The librarians who ran into the burning National Library at Sarajevo in 1992 understood this. So did the manuscript-smugglers of Timbuktu, who carried the libraries out in flour sacks to family houses in the desert. So did the families in every century who, on the eve of a known catastrophe, divided the photograph albums among the children so that the loss of any one child’s suitcase would not be the loss of the family’s image of itself. The practice has a long history and it has the structure of a thermodynamic argument made operational. You cannot stop the time machine. You can only place the residue in enough volumes of the world that the machine, when it arrives at any one volume, does not find all the copies.

This is also why the destruction of an apartment block is not commensurate with the loss of any one possession in it, however valuable. The apartment block is not a collection of possessions. It is a node in the duplication network. It is the volume in which one family has consented to concentrate the bulk of its residue, on the working assumption that the building will be there in the morning. The whole apparatus of domestic life — the shelf, the drawer, the box at the top of the wardrobe, the folder marked important documents — is a small archive maintained on this assumption. When the assumption fails, the archive fails with it, and what is lost is not the sum of the individual items but the integrity of the family’s record of itself. The items can be enumerated. The integrity cannot. The integrity was the property that consisted of the items being in the same place at the same time and being recoverable by the same hands.

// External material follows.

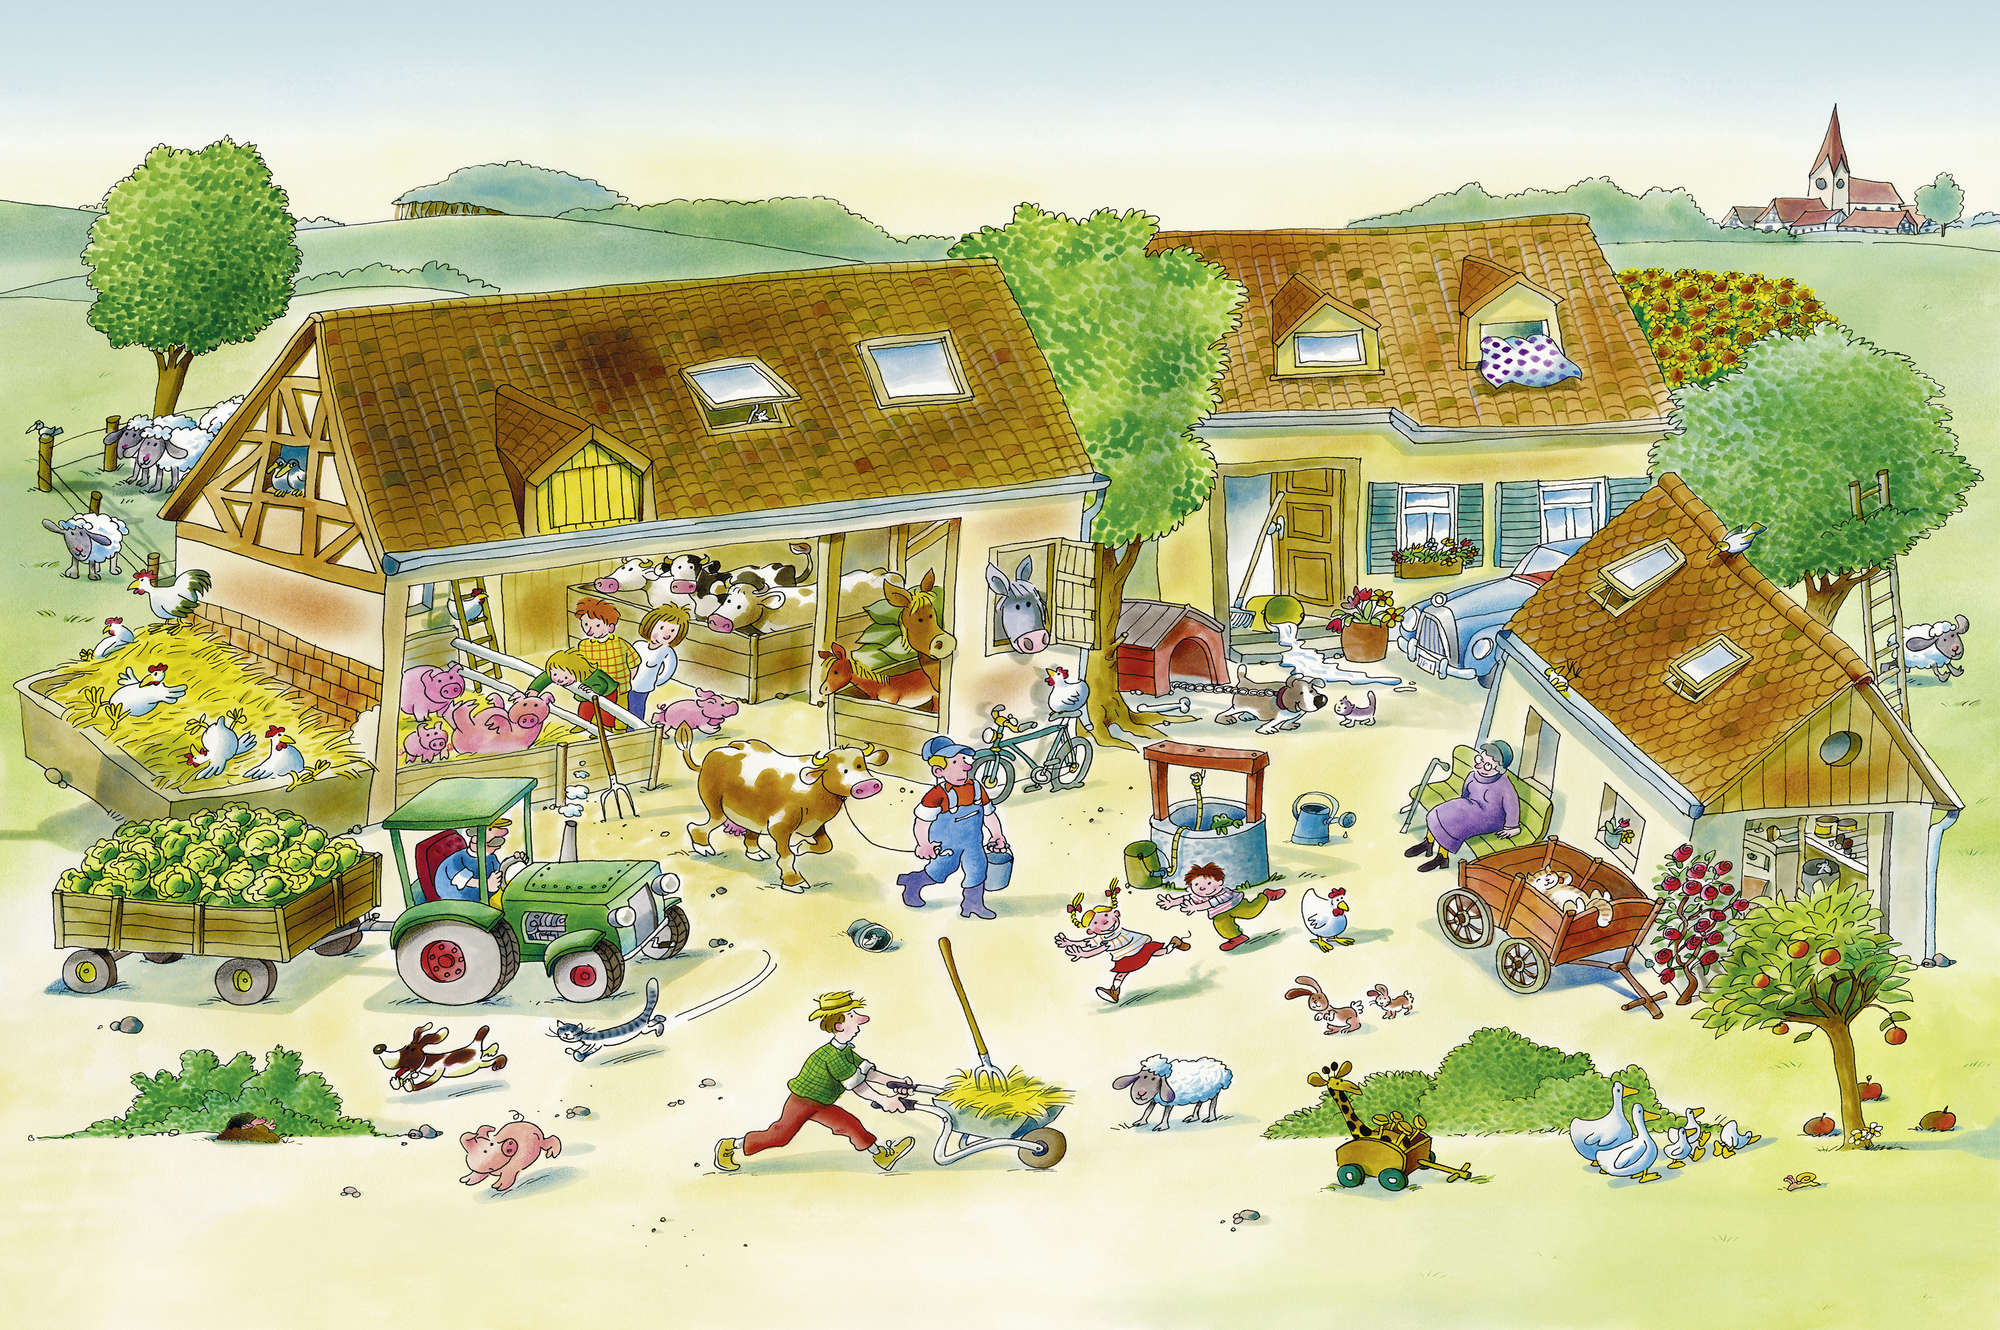             Children's mural farm with animals in brown and green on textured nonwoven

The forward-only machine does not know any of this. It is doing only what the universe is doing anyway, slightly faster. The chemistry in the warhead is identical to the chemistry that, given a century or two of neglect, would have done the same work without any help. The acceleration is the entire content of the weapon. To accelerate is not to introduce a new kind of process but to compress a process whose direction was already fixed.

What this leaves is the strange status of the survivors and the strange status of the residue that survives in their hands. The survivors are people who have been moved forward by the machine but not all the way; the residue is the matter that was supposed to have moved forward with them but was left behind at the old coordinates, in the form of receipts and deeds and certificates whose stamps are still legible and whose worlds are gone. The survivor holds the document and the document holds the survivor in a particular relation to a time that has been accelerated past them. The document is older than it should be, by the amount of time the machine compressed; the survivor is younger than it should be, by the same amount. They no longer agree on what year it is.

This is the condition of carrying a homeland in a folder. The folder is in 1962. The carrier is in 2026. The two will not be reconciled, because the machine that separated them does not run in reverse, and the only path forward is the one in which the folder slowly thins as its contents are misread, mistranscribed, lost in moves, passed on to grandchildren who keep the folder out of piety without quite knowing what is in it, and finally placed in a drawer of a house in a country the original signatory never visited, where it will rest until that house, too, falls into its own kind of rubble, by its own kind of clock.

The atoms are conserved. The arrangement is not. The atoms do not know they were ever a notebook, or a deed, or a household, or a child. The arrangement was the only part that knew, and the arrangement is what the machine consumes.